Segment Open

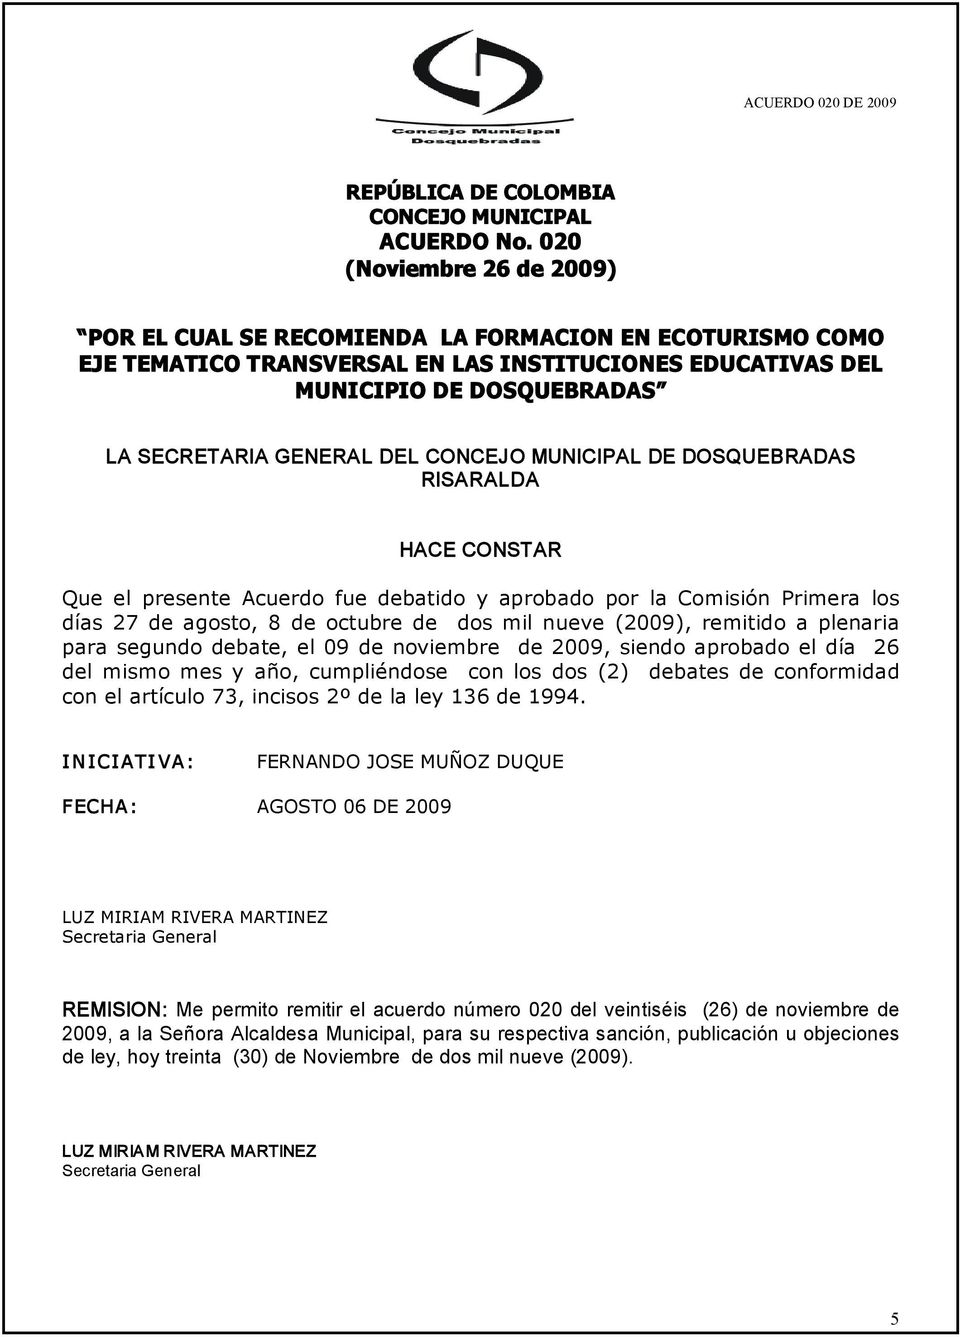 CONCEJO MUNICIPAL DE DOSQUEBRADAS RISARALDA HACE CONSTAR Que el presente Acuerdo fue debatido y aprobado por la Comisión Primera los días 27 de agosto, 8 de octubre de dos mil nueve (2009), remitido
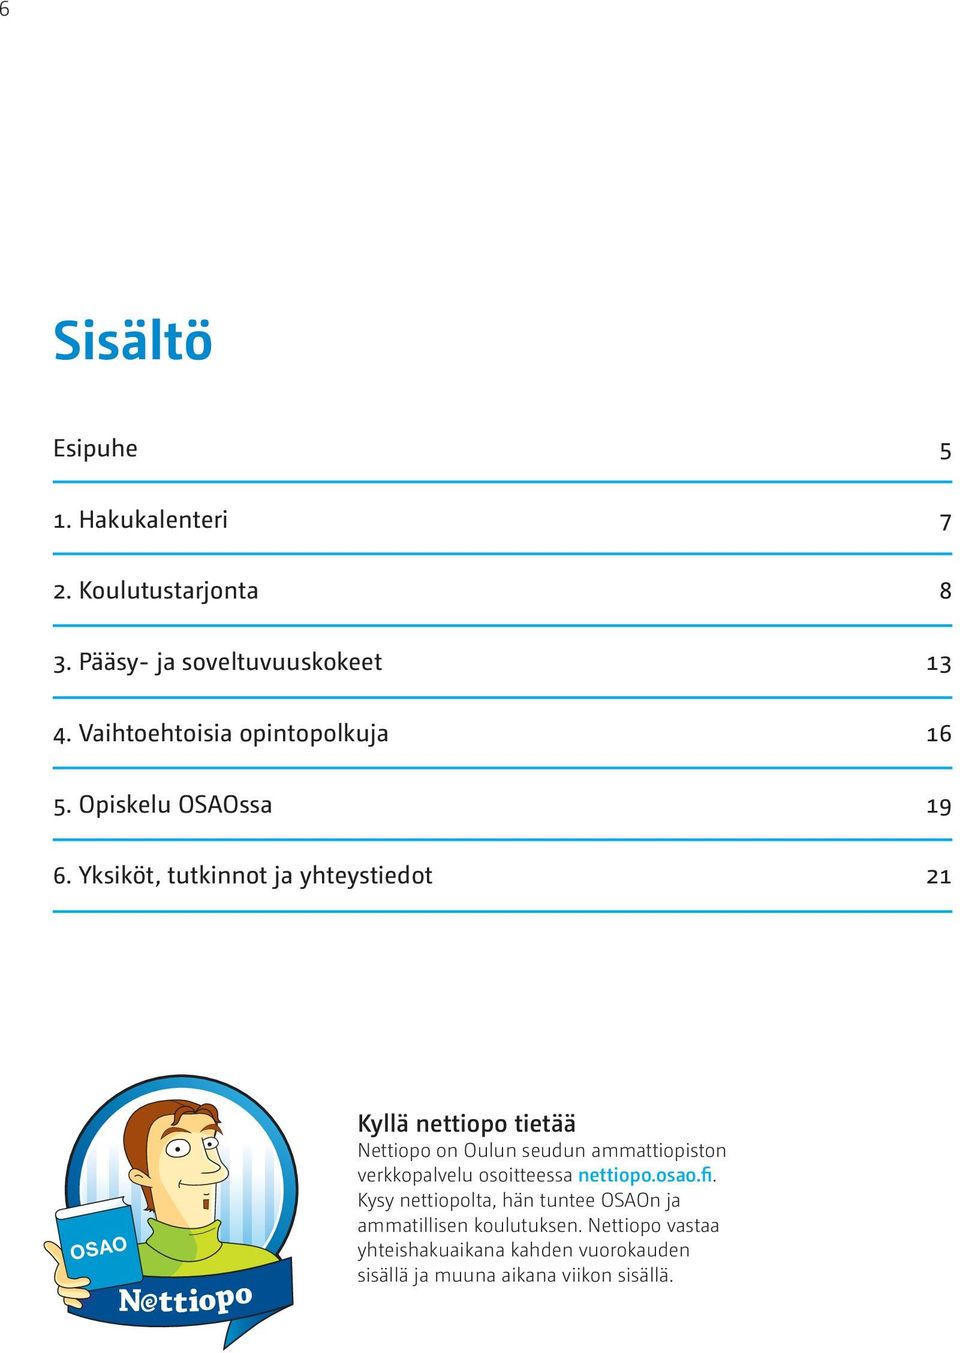 Yksiköt, tutkinnot ja yhteystiedot 21 OSAO Kyllä nettiopo tietää Nettiopo on Oulun seudun ammattiopiston
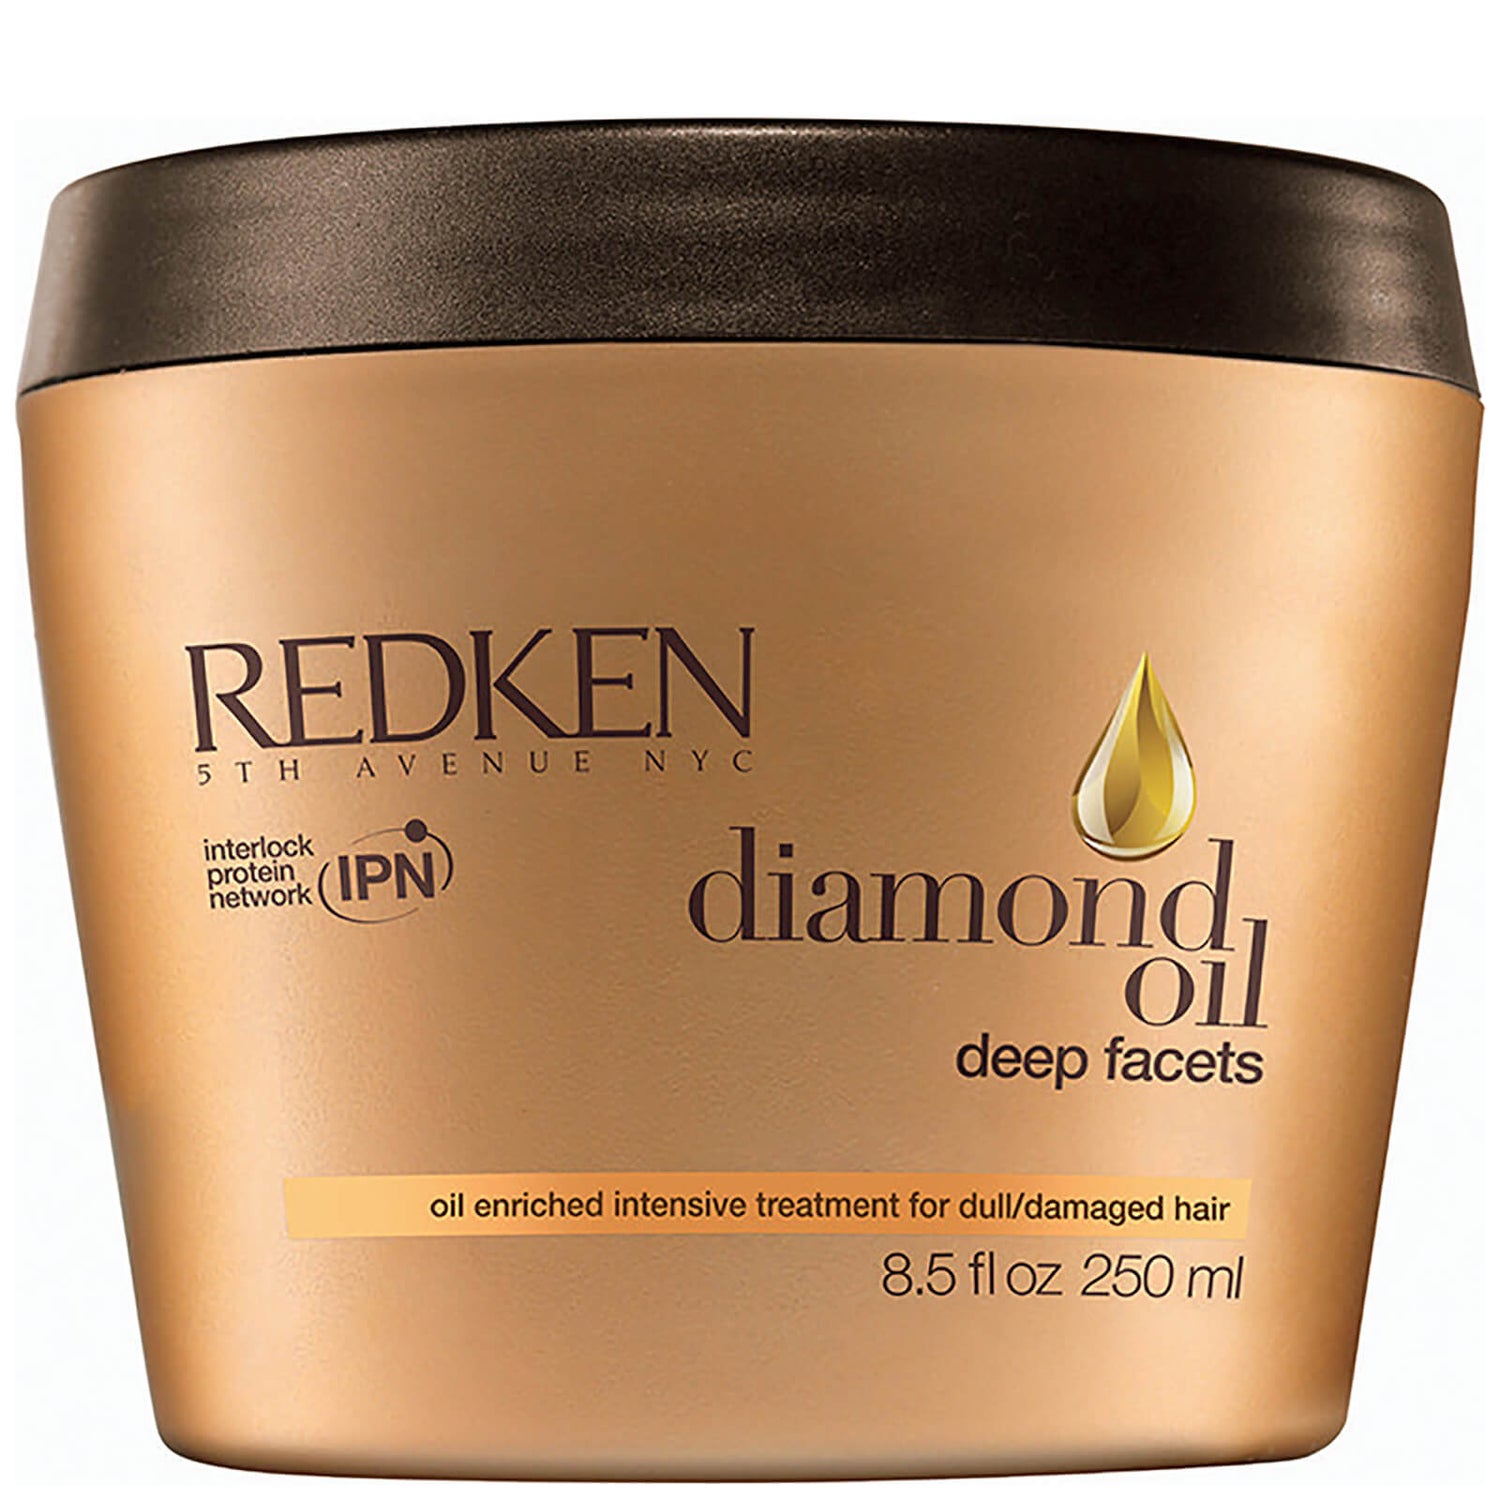 Redken Diamond Oil Deep Facets 8.5oz

Segment Closed

Requirement
Leave out the pictures, and please output only the lines from the line that contains "Yksiköt, tutkinnot ja" through the end of the data, both ends included.

Solution to the problem
 Yksiköt, tutkinnot ja yhteystiedot 21 OSAO Kyllä nettiopo tietää Nettiopo on Oulun seudun ammattiopiston
 Redken Diamond Oil Deep Facets 8.5oz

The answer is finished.